(Records from a collection)
——

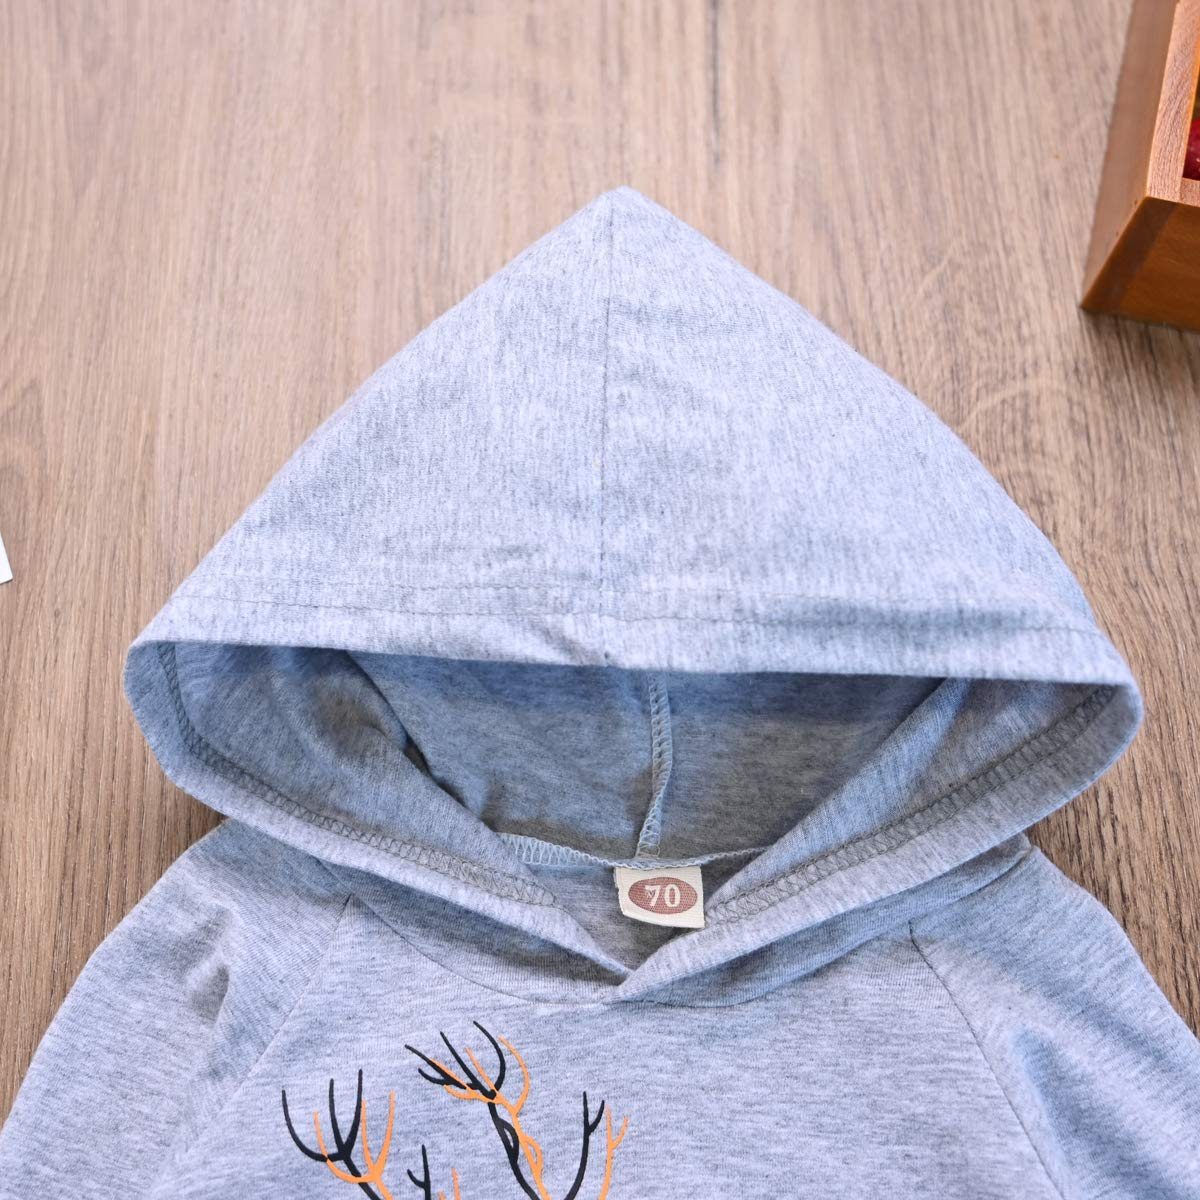 BEDHRT Baby Boy Girl Clothes Long Sleeve Xmas Hoodies Sweatshirt Top Deer Pants Trouser Cute Outfit Tracksuits Sets
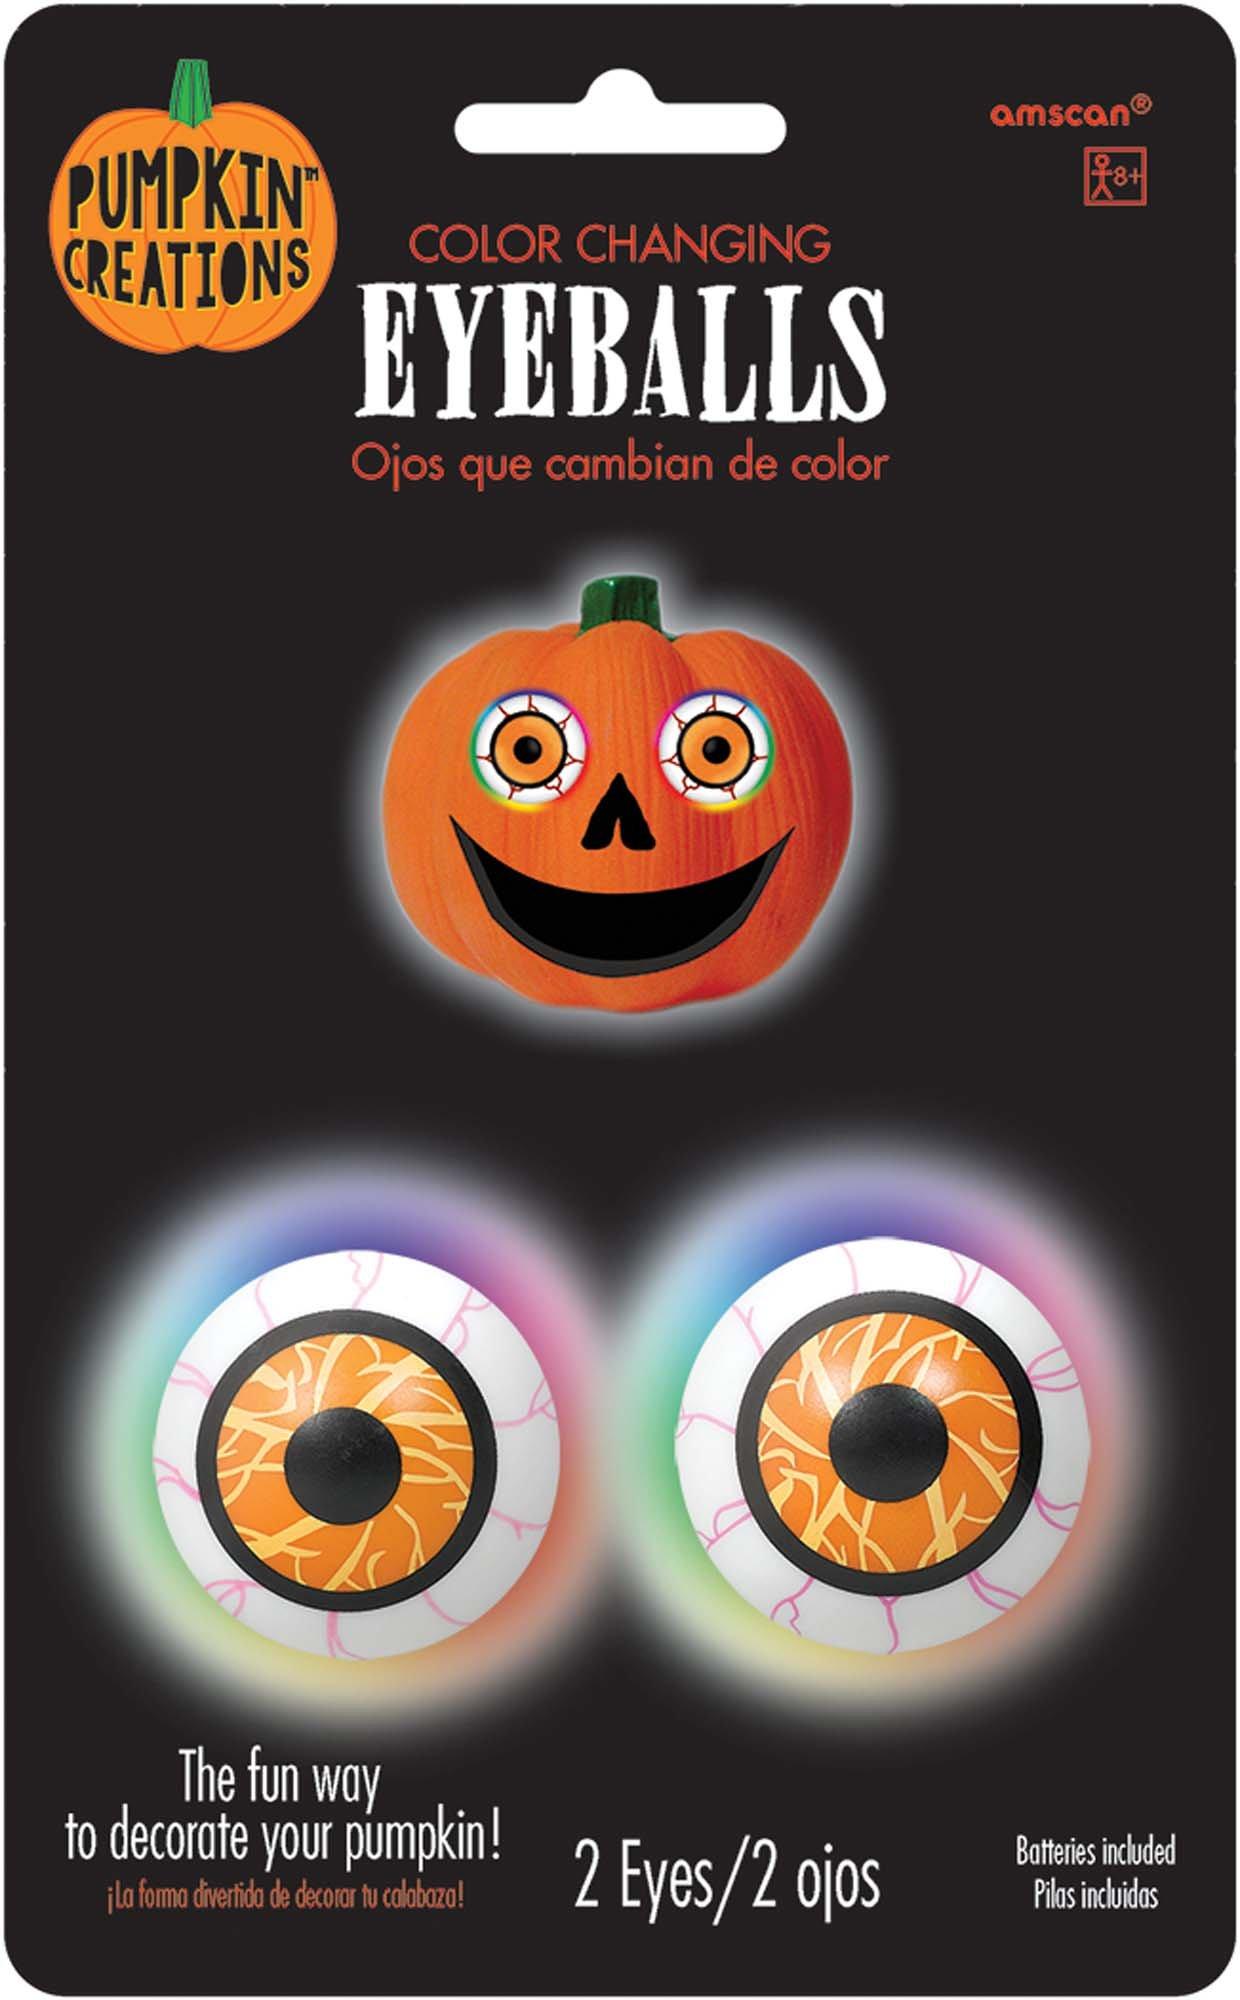 Color Changing Pumpkin Eyeballs Light by amscan
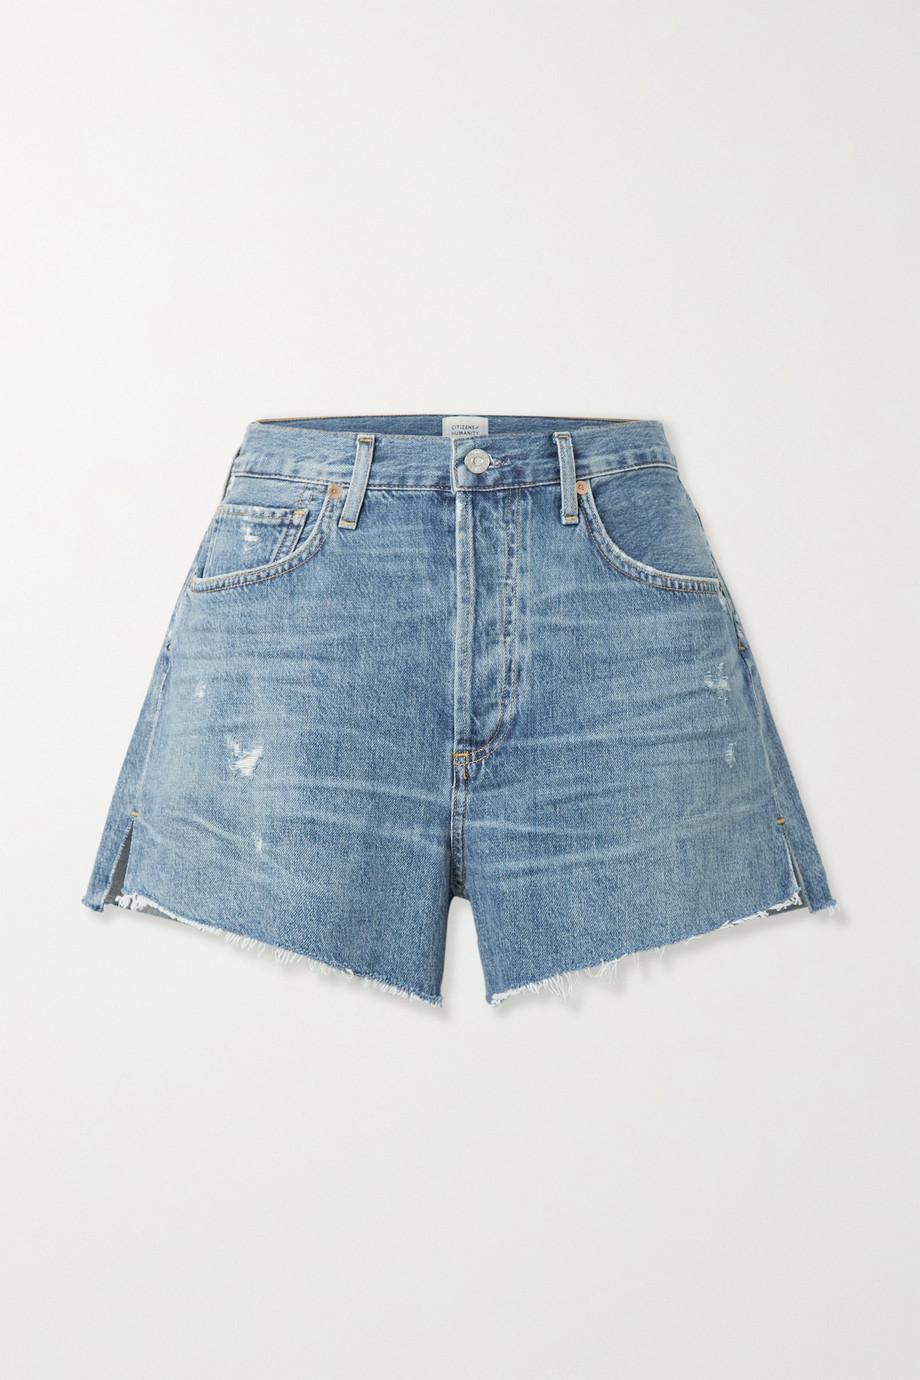 Citizens of Humanity Marlow distressed organic denim shorts
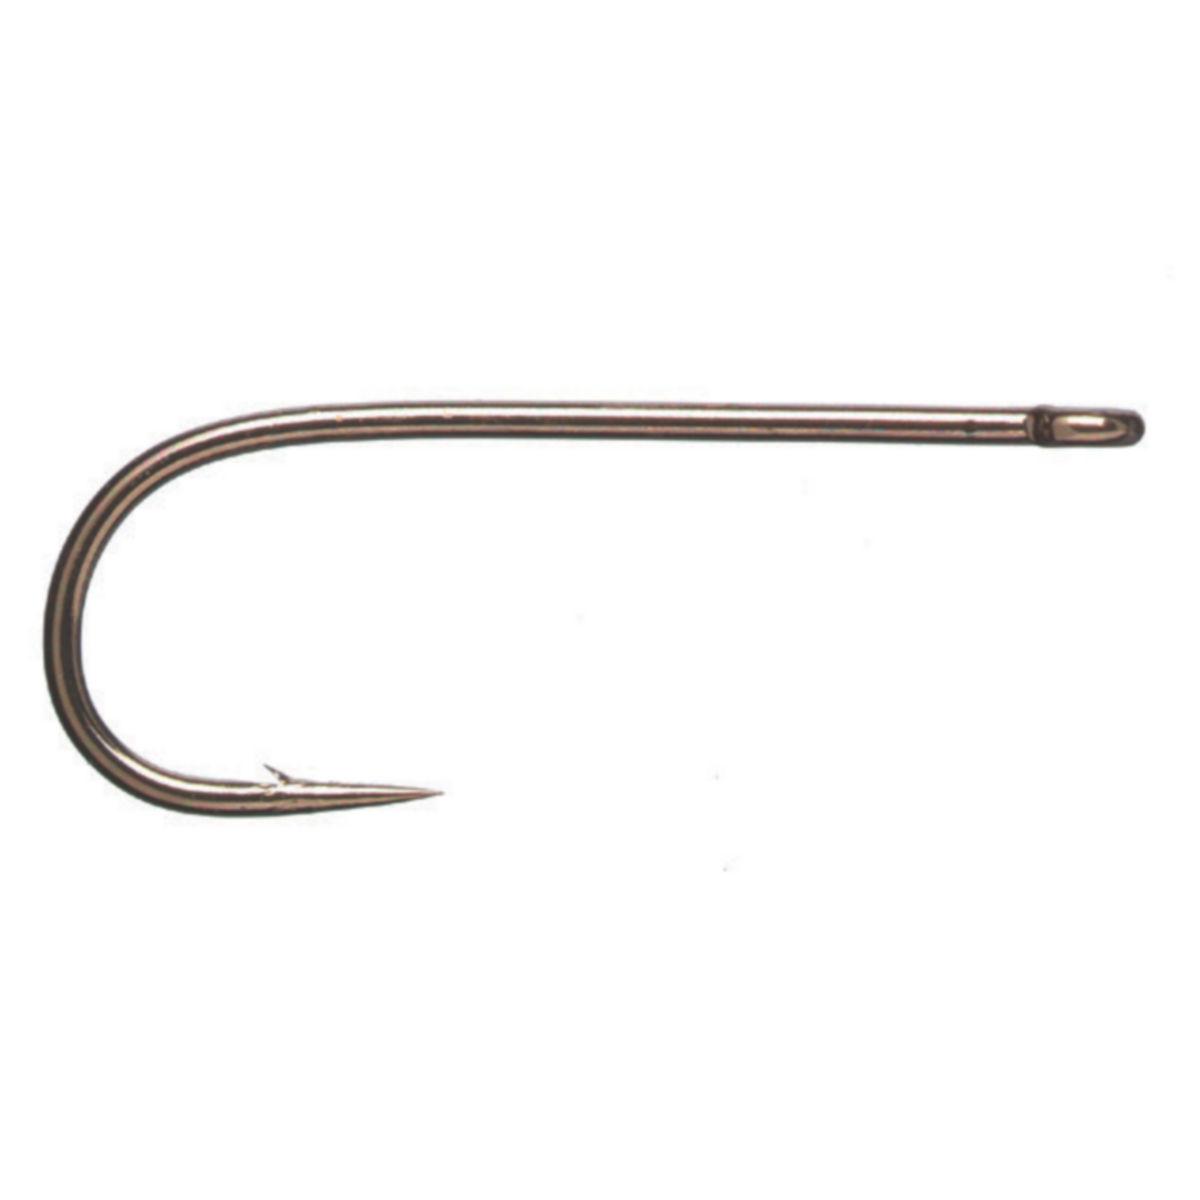 Big Eye Hook in Straight-Eye Style - Box of 25 - image number 0
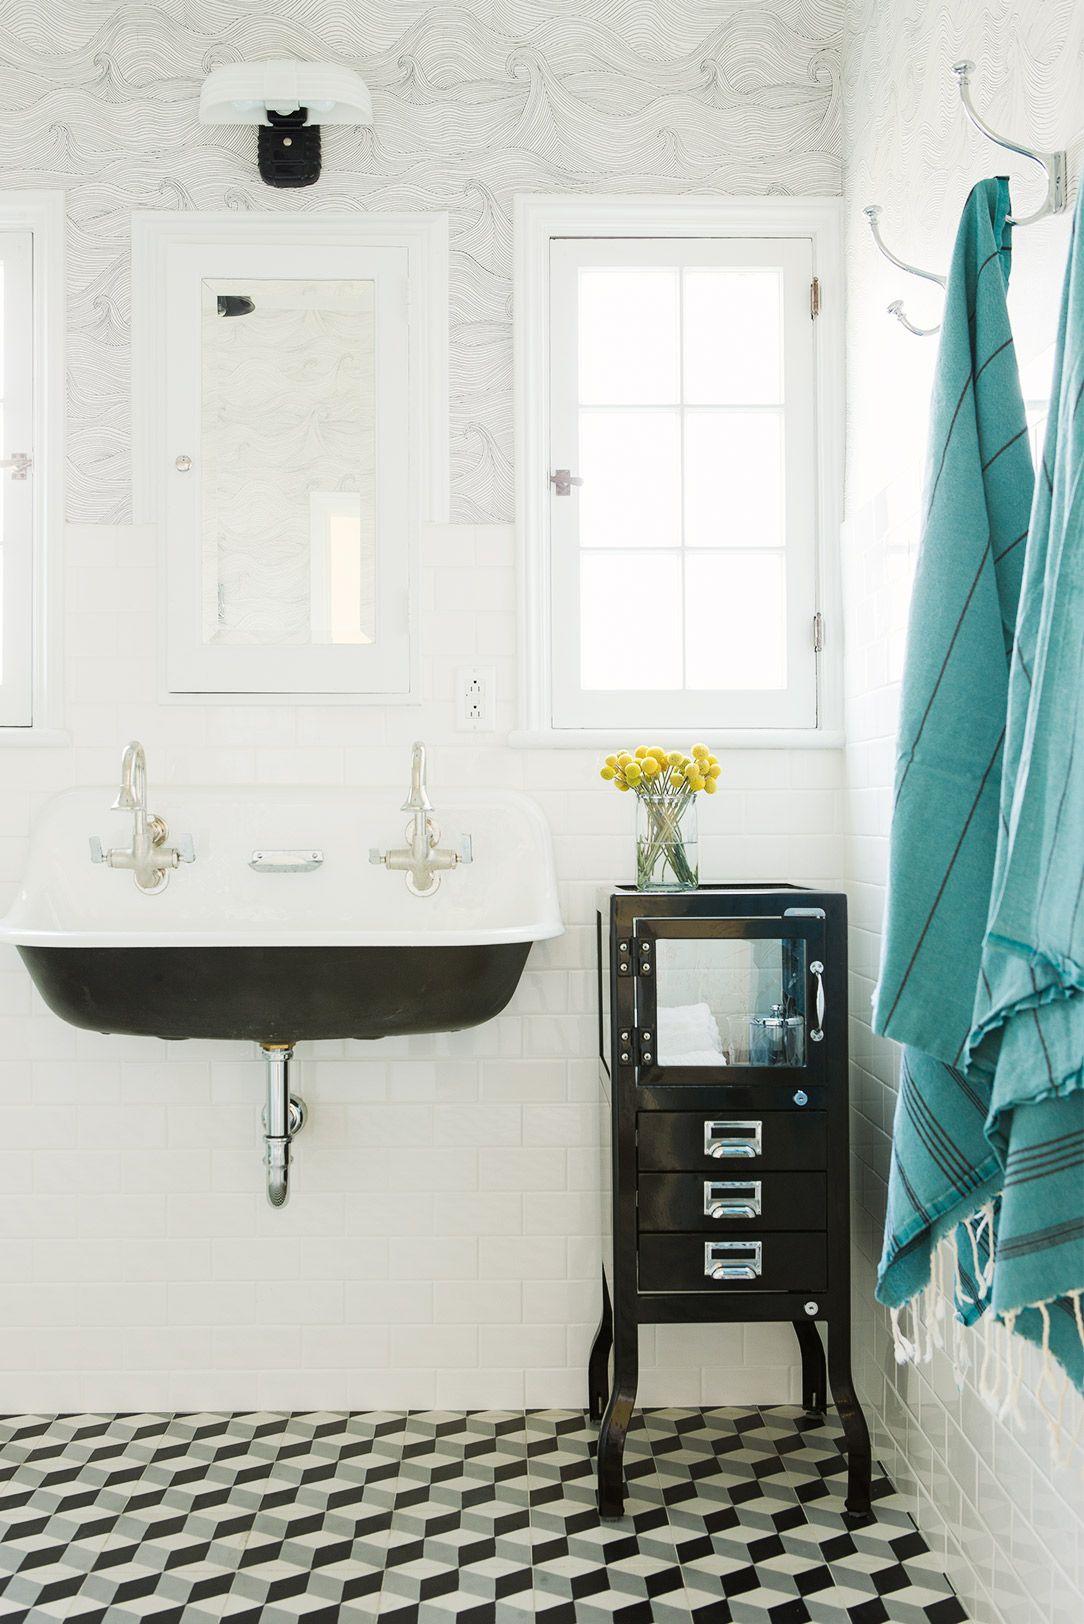 Designer Crush: Cuffhome | Towels, Bath and Sinks

——

**Problem:** When you output the entries, keep each line exactly as it is and leave out any pictures.

**Expected answer:**
 BEDHRT Baby Boy Girl Clothes Long Sleeve Xmas Hoodies Sweatshirt Top Deer Pants Trouser Cute Outfit Tracksuits Sets
 Color Changing Pumpkin Eyeballs Light by amscan
 Citizens of Humanity Marlow distressed organic denim shorts
 Big Eye Hook in Straight-Eye Style - Box of 25 - image number 0
 Designer Crush: Cuffhome | Towels, Bath and Sinks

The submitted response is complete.